Respect for the court

THE hallmark of every judiciary must be its independence. This is a pre-eminent quality that has to be an inherent factor residing in the ethical and moral understanding of any legal officer who is going to be appointed to function as a judge.

In any democracy, where the Rule of Law is allowed to be the guiding principle in the dispensation of justice, not only must the sacred tenet of the independence of the judiciary be expected to be unfettered, but that its judges are expected at all times, to be fair in their deliberations, and not be constrained by factors such as political influence, and social/class cleavages. Their ultimate delivery of justice must be reflective of, and be mandatory of the laid-down laws, and nothing else.

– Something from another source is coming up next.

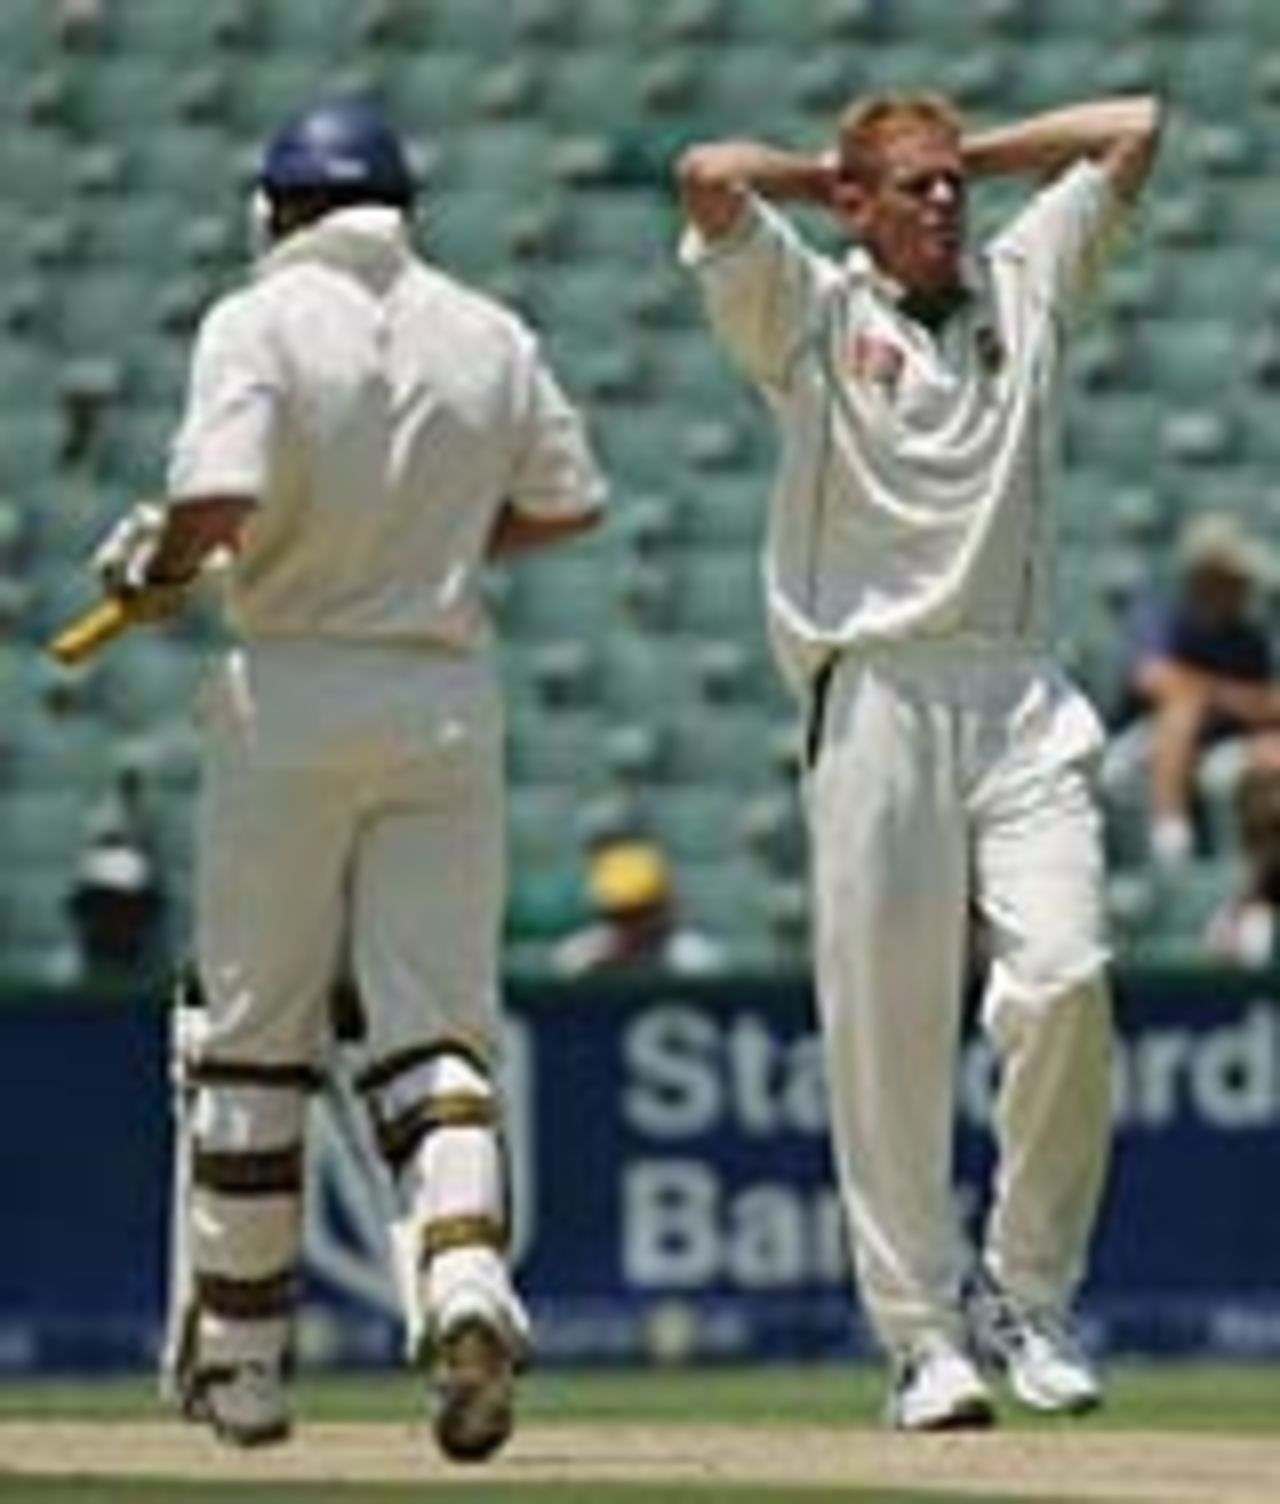 Andrew Strauss sees off Shaun Pollock, South Africa v England, 4th Test, Jo'burg, 1st day, January 13, 2005

It explains why it is a given understanding, and a respected tradition for decisions of the court to be respected. Of course, there are always going to be disagreements, since in judicial matters, expectations of outcomes are not always welcome by either side of the particular judicial contention.

The fact that there are higher courts, which allow for the particular litigant who did not find favour in the lower court, to seek redress in the particular matter means that the wheels of justice are always in motion. This is expected to be the guiding and professional principle of any attorney, irrespective of who he/she may be, and what matter is represented, and who may not be successful in his/her particular appeal. But to descend to the disrespectful level of publicly abusing the presiding judges, as suffering “a collapse–a mental, judicial, jurisprudential collapse in reasoning”; suggesting “political’’ influence behind court decisions; labelling the learned chief justice’s ruling as being “adventurous’, while further describing the nation’s judiciary as not mature, and even branding two eminent Queen’s Counsel as “aliens”, is unforgivable.

It is inherent of a thought process that intends for justice to be distorted, regardless of the facts. It is also judicial sacrilege, that such reprehensible conduct could originate from a member of the Bar, who had once served as an attorney general and leader of his country’s Bar; and who also hopes to be his political party’s presidential candidate, for the 2020 national and regional elections. One wonders, what our young attorneys-at-law are opining about such a shocking assault on the most senior segment of the nation’s judiciary, and by extension, two very senior members of their country’s Bar, who have been part of the state’s defence team.

Regardless as to the nature of the case that engages the court, it has to be interpreted in the ambit of the country’s laws, with the particular judges being mindful of such, and therefore following that unswerving line.

However, it would seem that Anil Nandlall and the opposition political party that he has been representing in the extant matter of a constitutional challenge against the President’s appointment of the chairman of the Guyana Elections Commission, believe that judges, and hence the courts, are obligated to bend the laws to support and accommodate their particular expectations.

No political party should expect any court, to adjudicate in their favour, out of fear, coercion or duress. To do so would only result in the gradual erosion of the line between stability and anarchy of the laws of society.

For no proper court that accepts its sacred role of protecting the laws of its jurisdiction, and ensuring their very unbending application will ever divert from such a process. After all, the law was made to be informal, and to be blind, but to be dispensed only in the name of what is right/just – justice. Mr. Nandlall should remind himself of this fact and advise his party leaders accordingly.